--- Dataset content ---

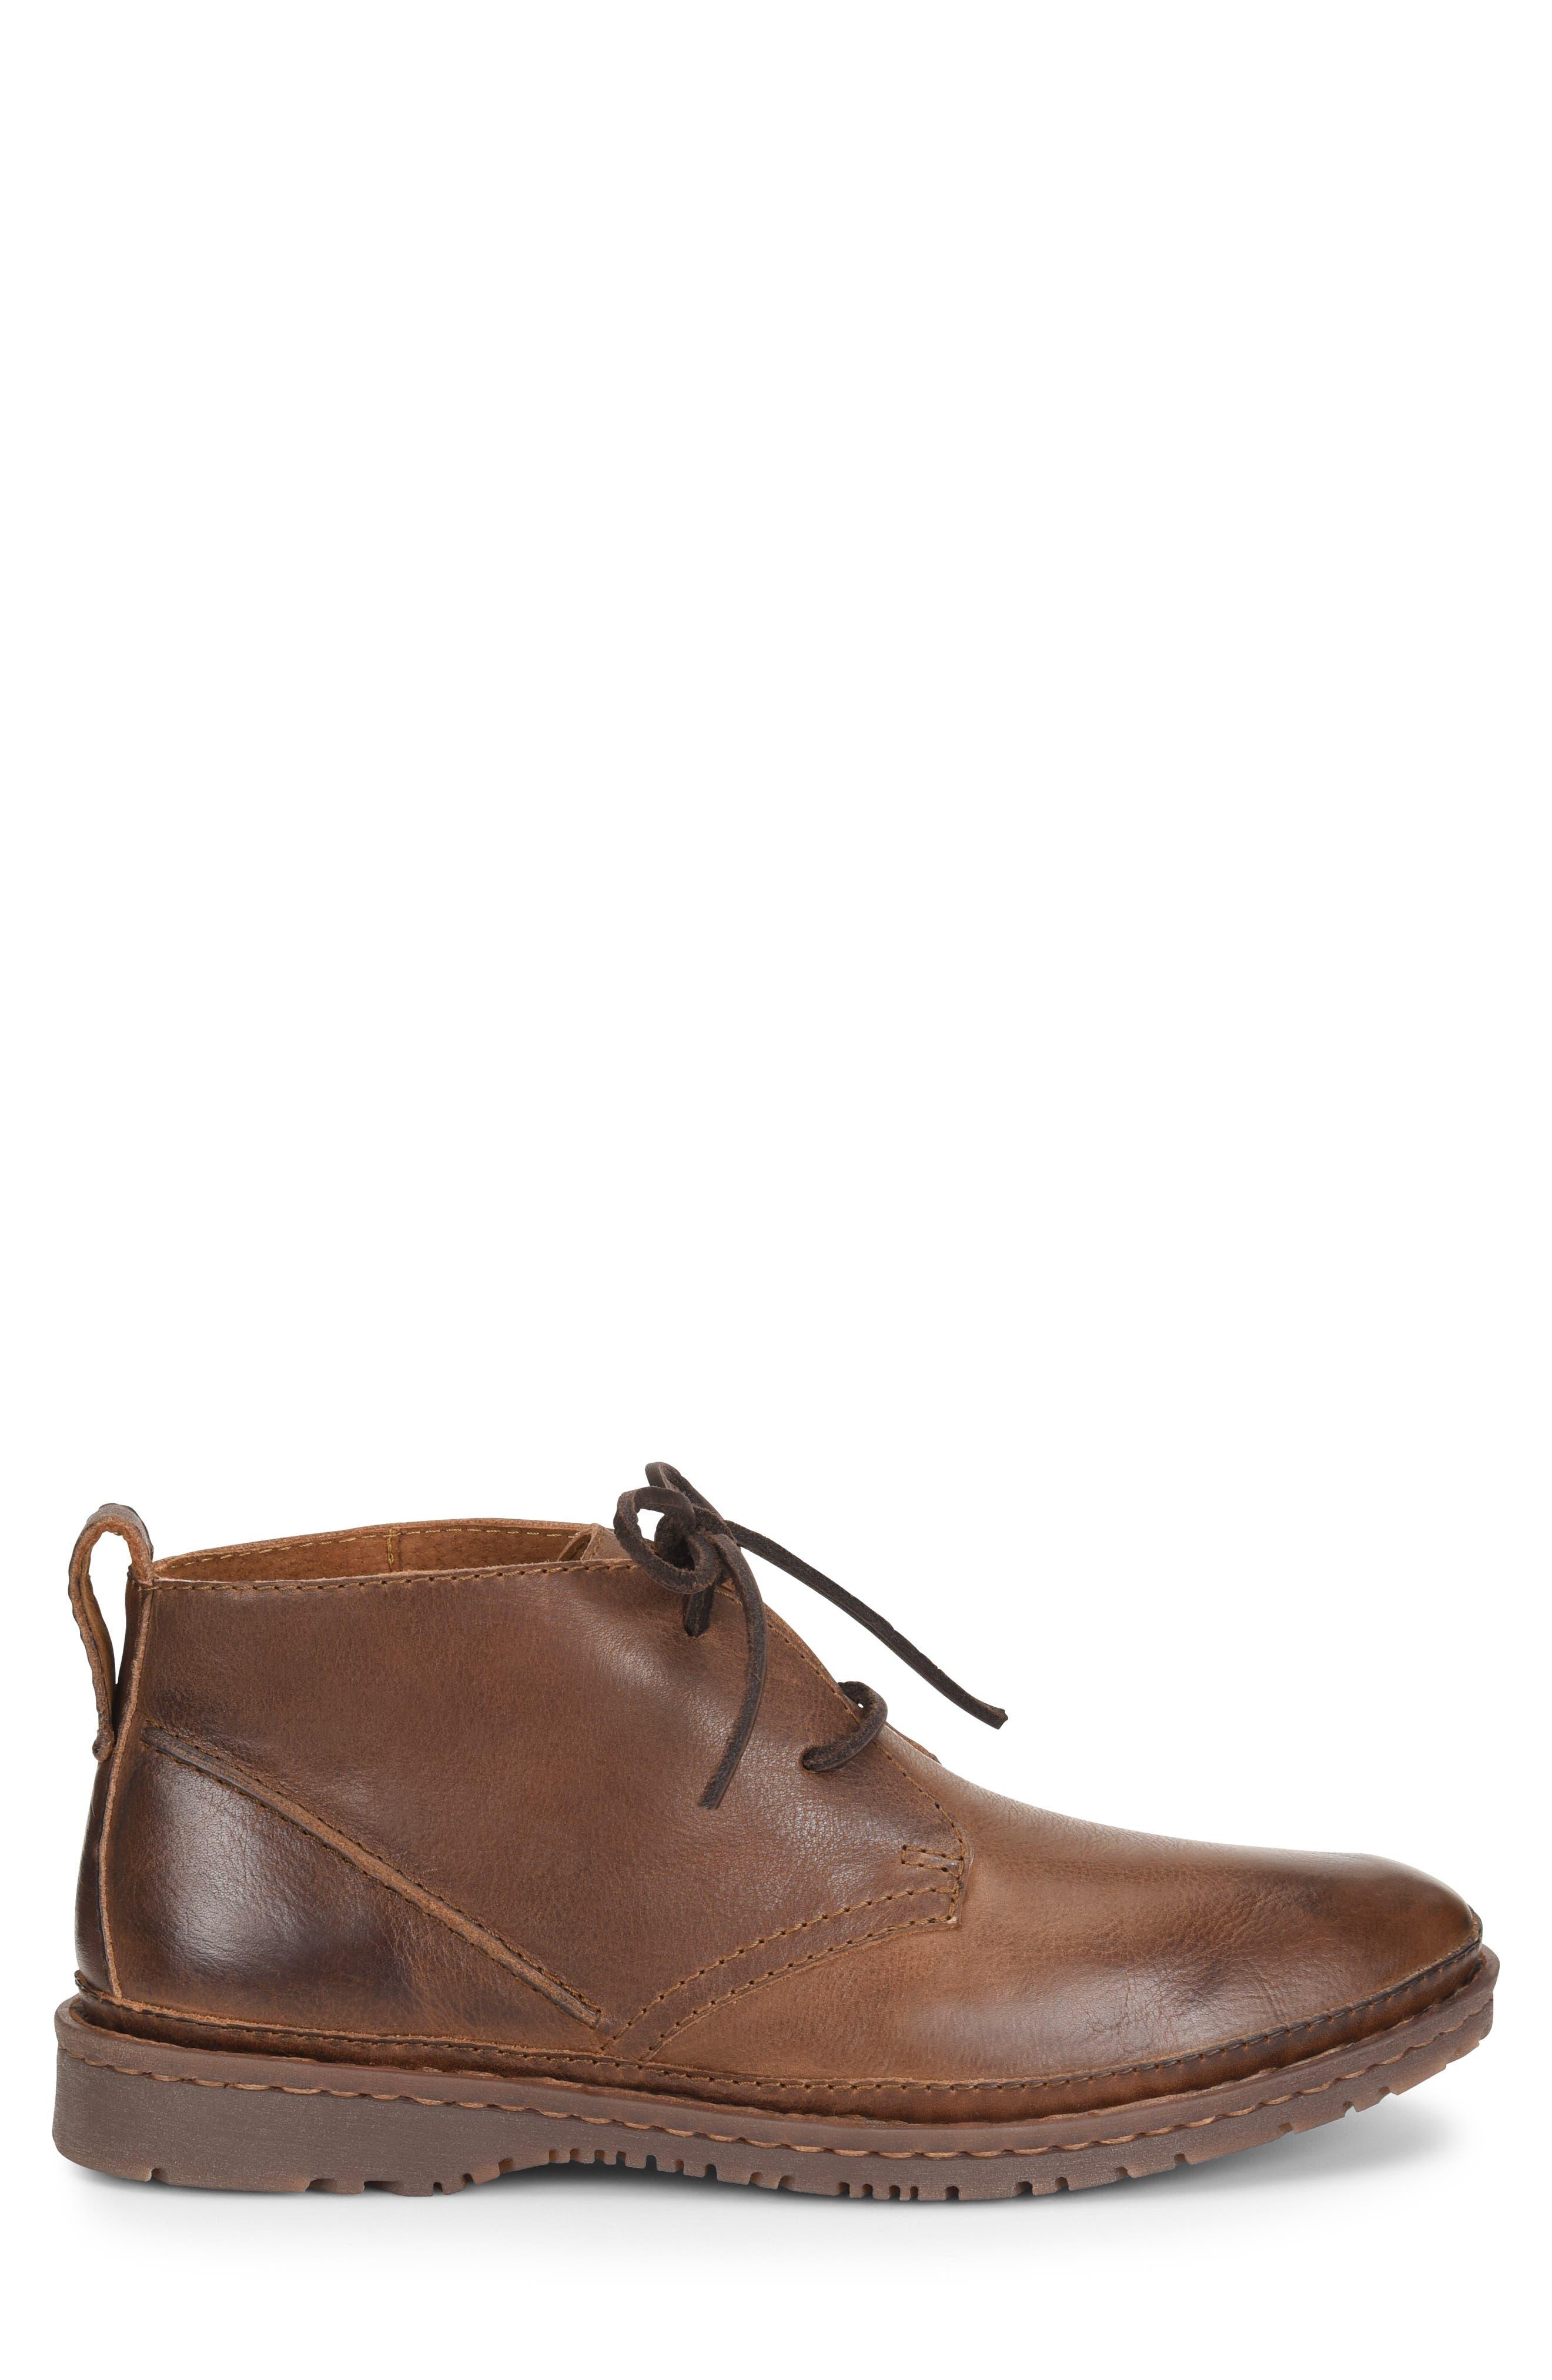 Elk II Chukka Boot,                             Alternate thumbnail 3, color,                             BROWN/BROWN LEATHER
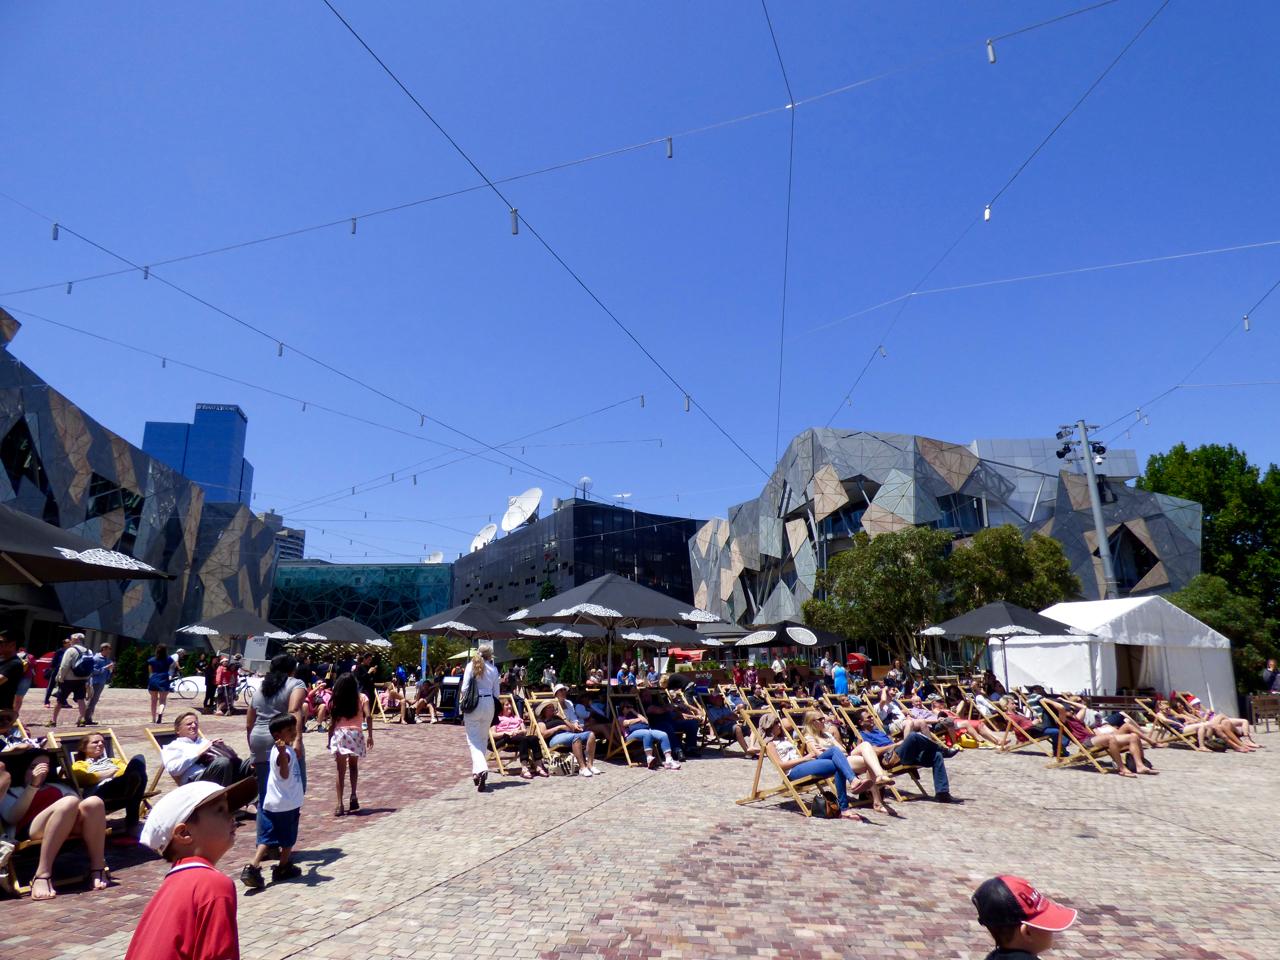 Federation Square Melbourne, Australia
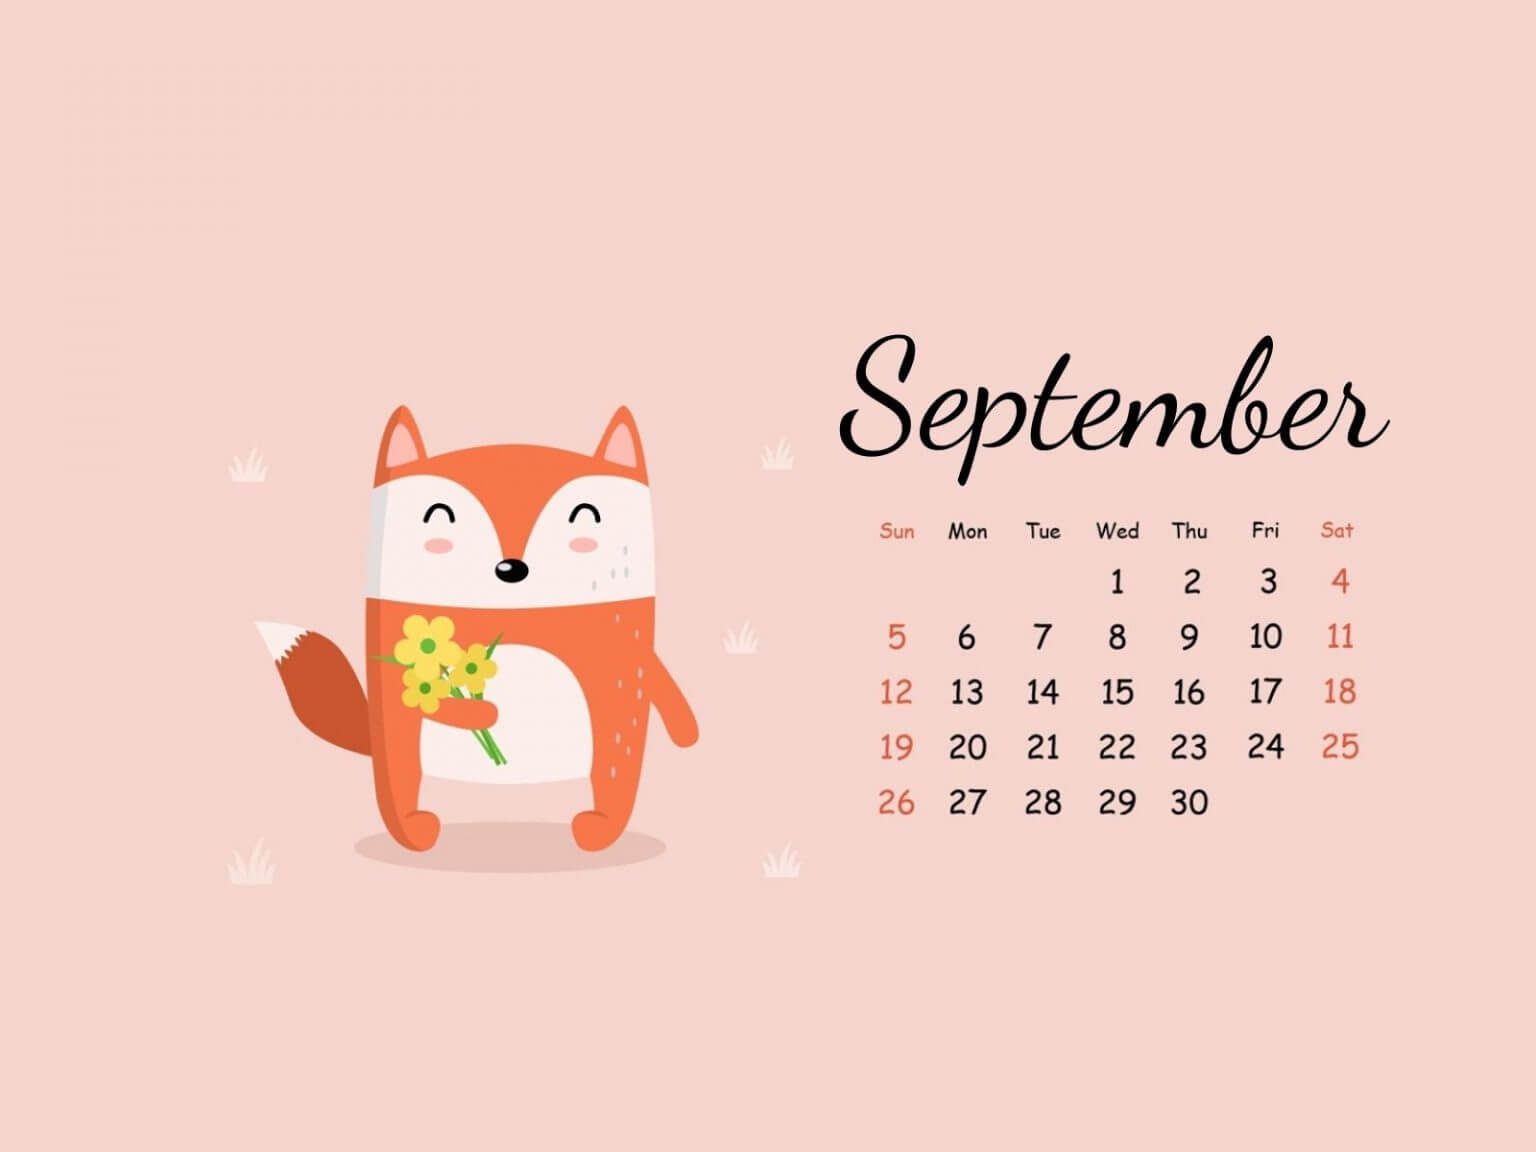 September 2021 Calendar Wallpaper

---

### Problem to solve:
Everything from the line containing "Federation Square Melbourne, Australia" through the end of the data should be printed exactly, line for line, except the pictures.

### Solution for this exercise:
 Federation Square Melbourne, Australia
 September 2021 Calendar Wallpaper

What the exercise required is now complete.